→ **Records supplied**:
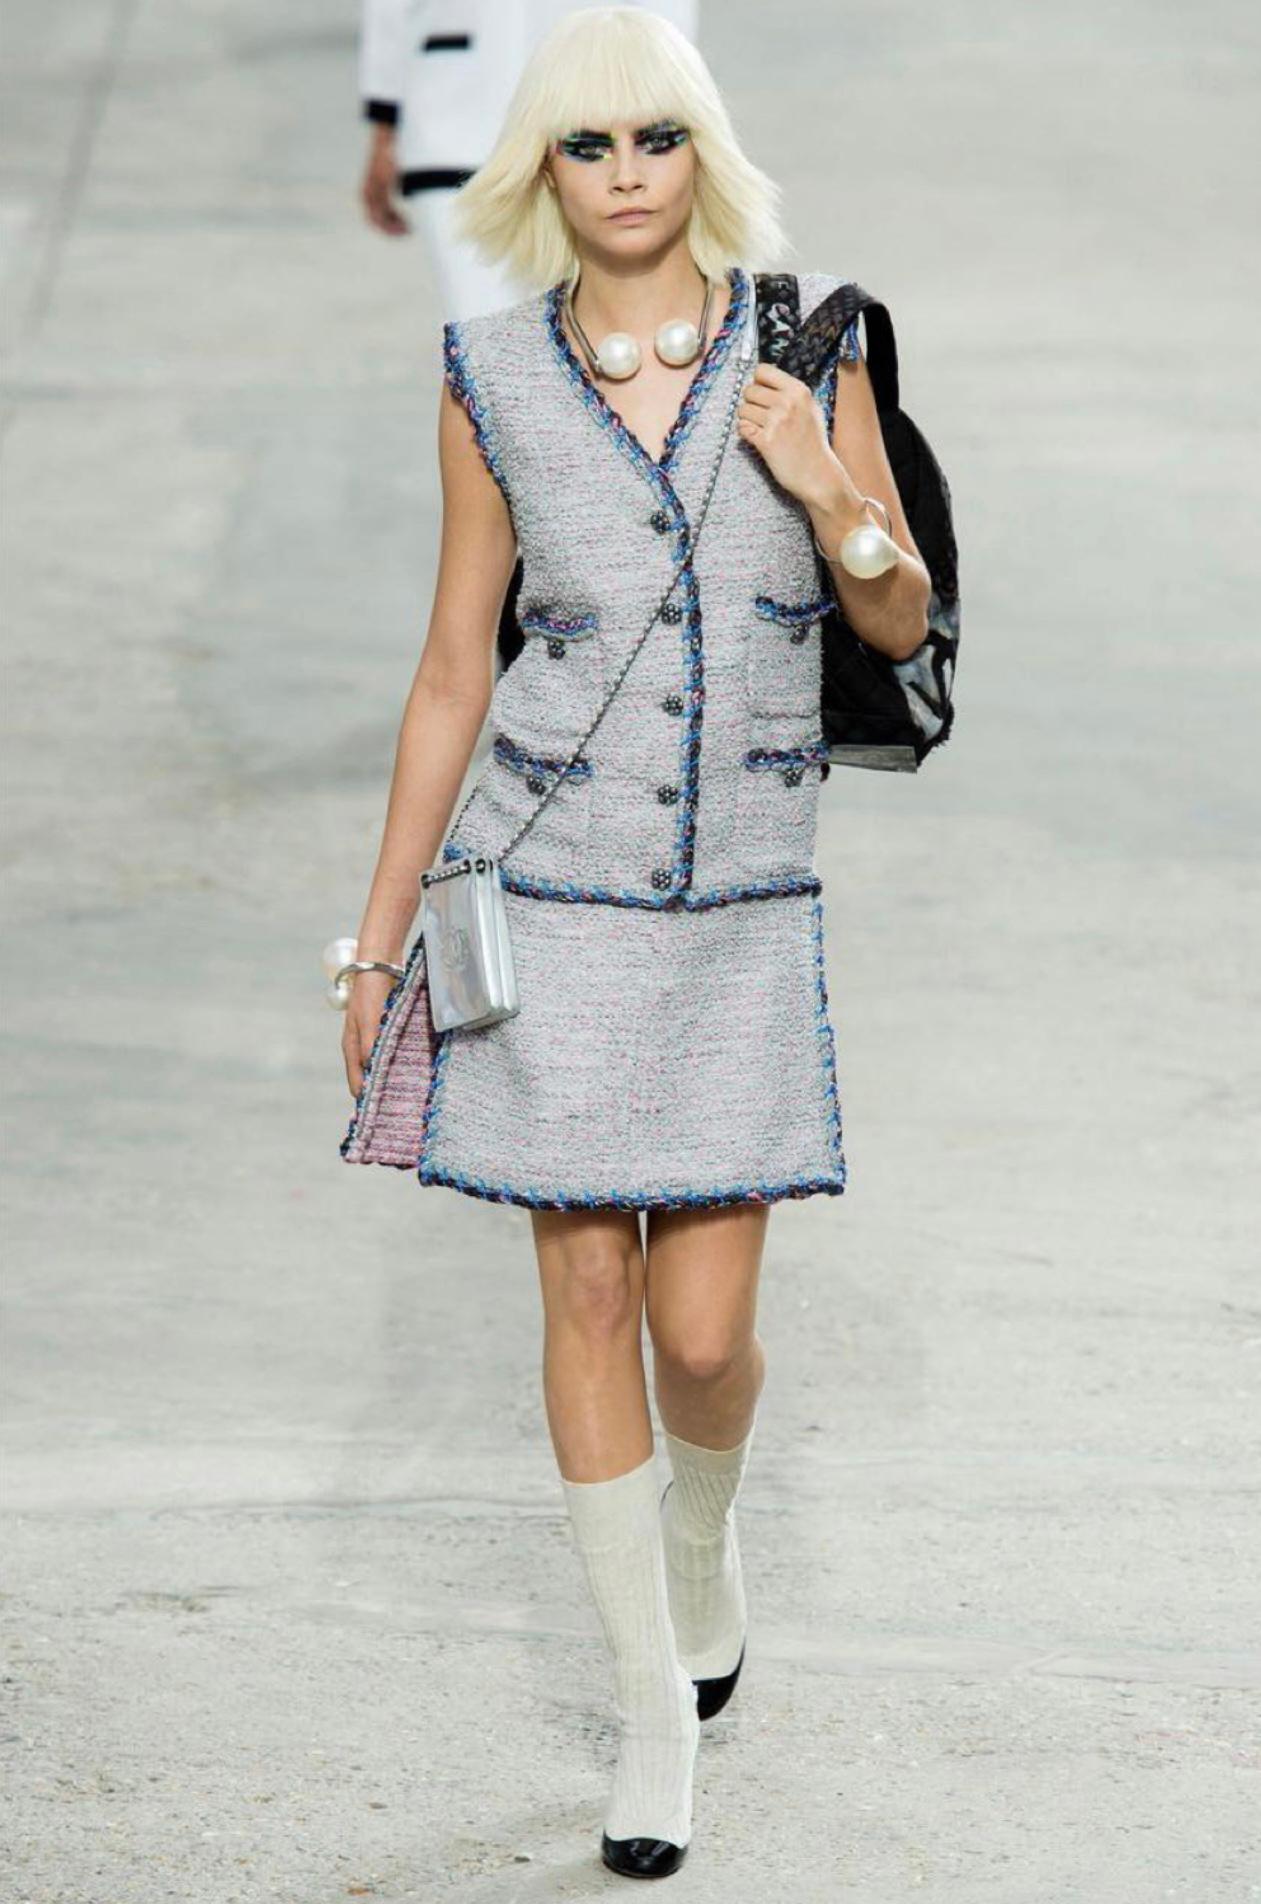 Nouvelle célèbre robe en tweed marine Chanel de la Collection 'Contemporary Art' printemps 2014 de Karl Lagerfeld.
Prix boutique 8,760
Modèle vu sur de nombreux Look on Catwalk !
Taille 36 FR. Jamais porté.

...

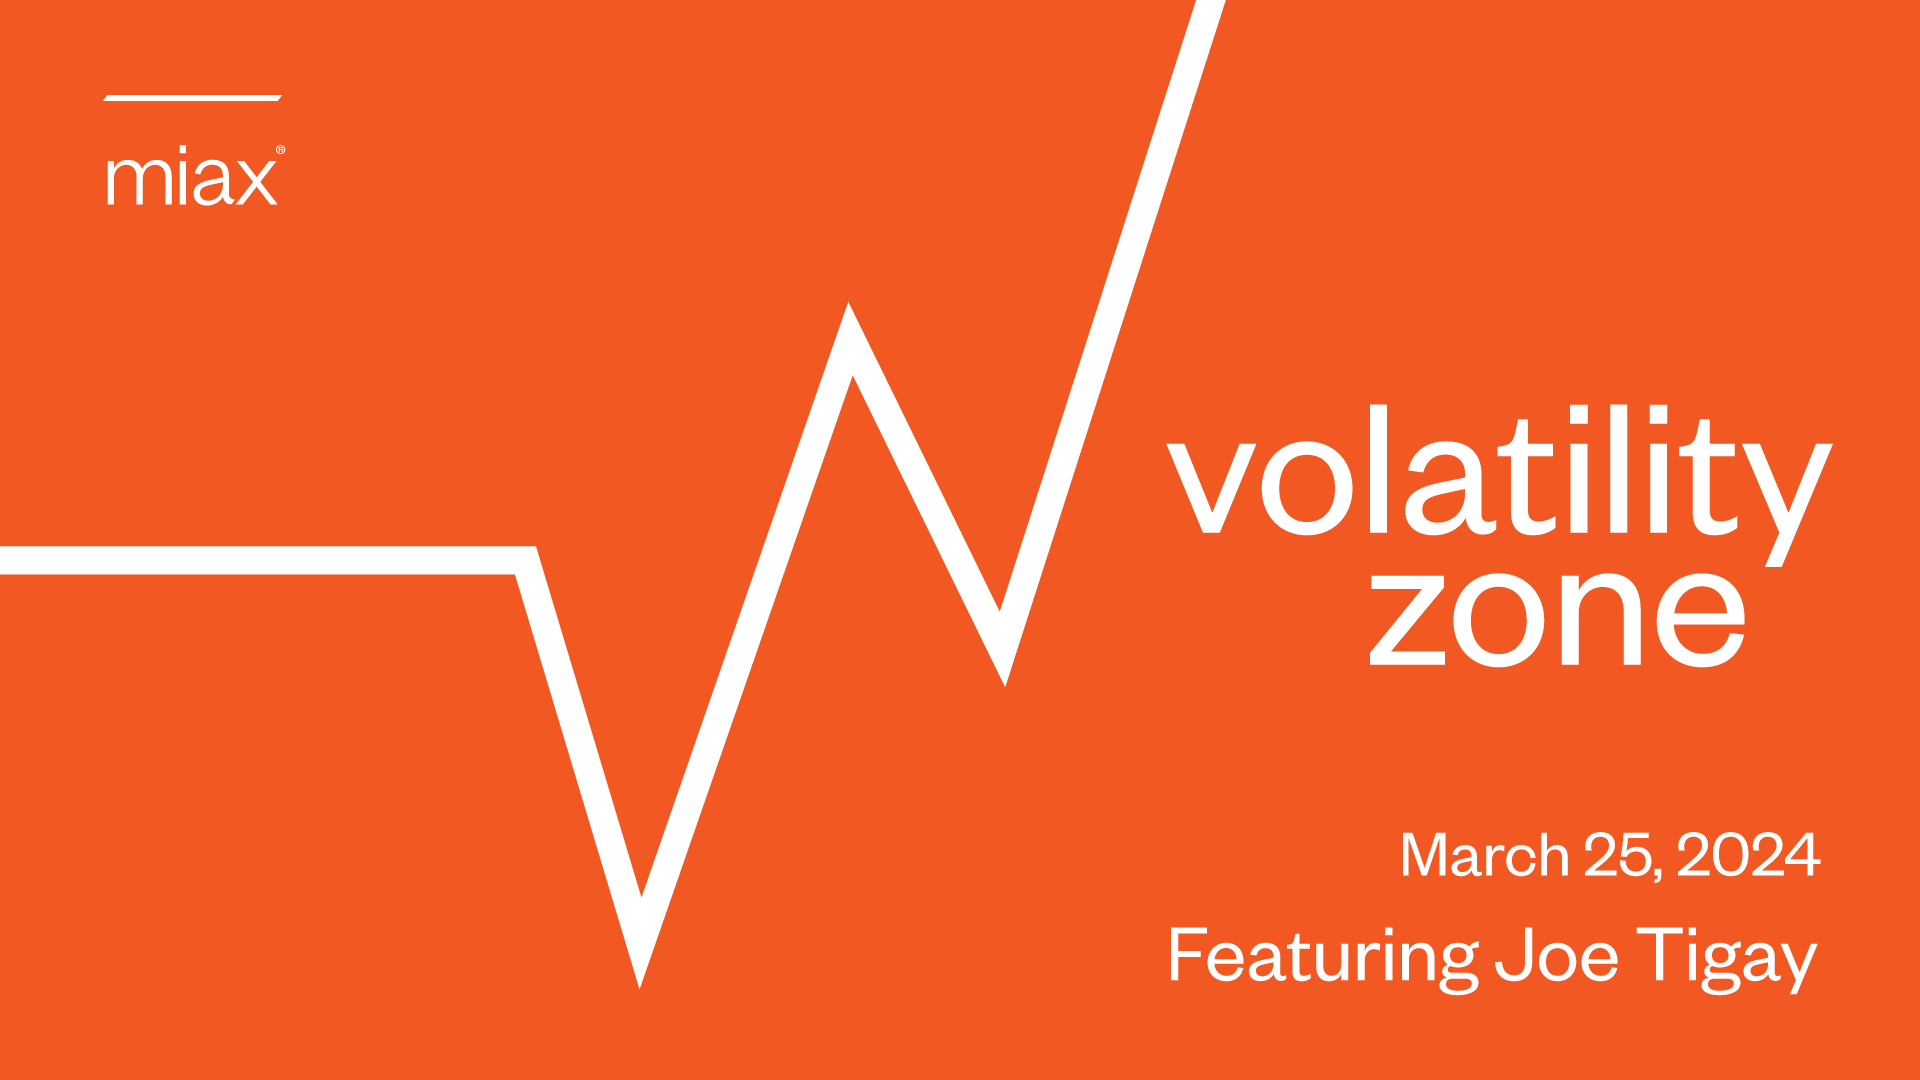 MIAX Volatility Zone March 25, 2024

→ **Problem details**:
Look above for the line with "Nouvelle célèbre robe" and the line with "Taille 36 FR. Jamais porté.", then restate exactly those two lines and all lines between them, with no pictures.

→ **Solution for this exercise**:
 Nouvelle célèbre robe en tweed marine Chanel de la Collection 'Contemporary Art' printemps 2014 de Karl Lagerfeld.
Prix boutique 8,760
Modèle vu sur de nombreux Look on Catwalk !
Taille 36 FR. Jamais porté.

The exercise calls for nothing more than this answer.